If $n=5k$, being prime it can only be 5. The situation is convenient.
If $n=5k\pm1$ then
$n^2-6=(25k^2\pm10k+1)-6=25k^2\pm10k-5=5\cdot (5k^2\pm2k-1)$
so it is a multiple of 5 and greater than 5 for $n\geqslant11$. None of the numbers are convenient.
If $n=5k\pm2$ then
$n^2+6=(25k^2\pm20k+4)+6=25k^2\pm20k+10=5 \cdot (5k^2\pm4k+2)$
so it is a multiple of 5 and greater than 5 for $n\geqslant 7$ . None of the numbers are convenient.
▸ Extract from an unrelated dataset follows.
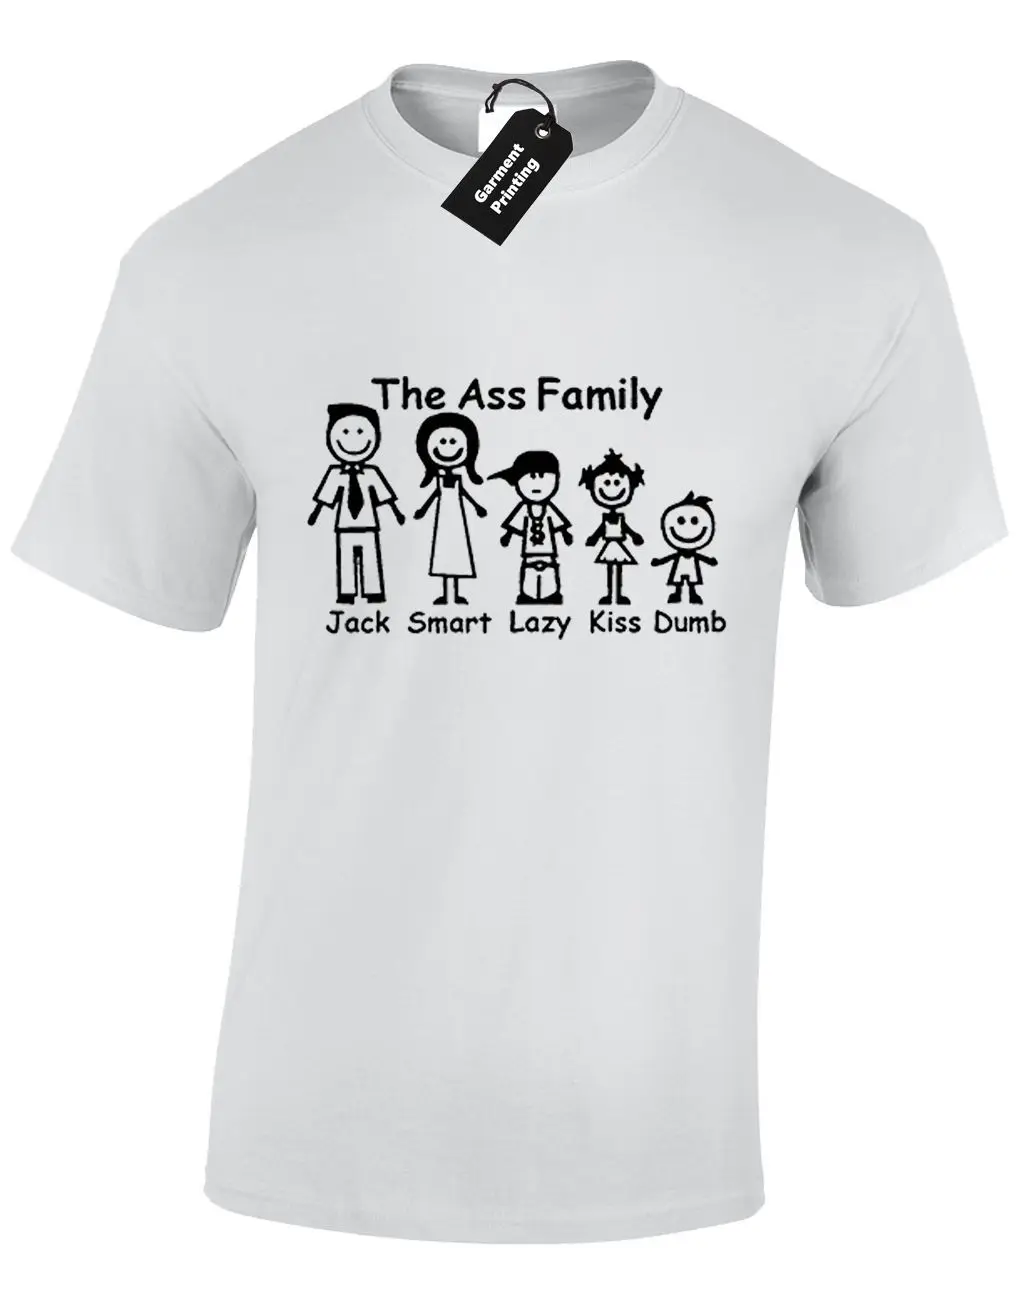 Семейная Мужская футболка с надписью THE ASS забавная новая качественная

So the only prime number $n$ with the desired property is 5.
$\blacksquare$
Remark CiP It was an attempt, without much success, to consider the cases $n=6k\pm1,\;\;k\in \mathbb{N}$, the only forms that give prime numbers $\geqslant 5$ and cases $n=2$ and $n=3$ should be treated separately.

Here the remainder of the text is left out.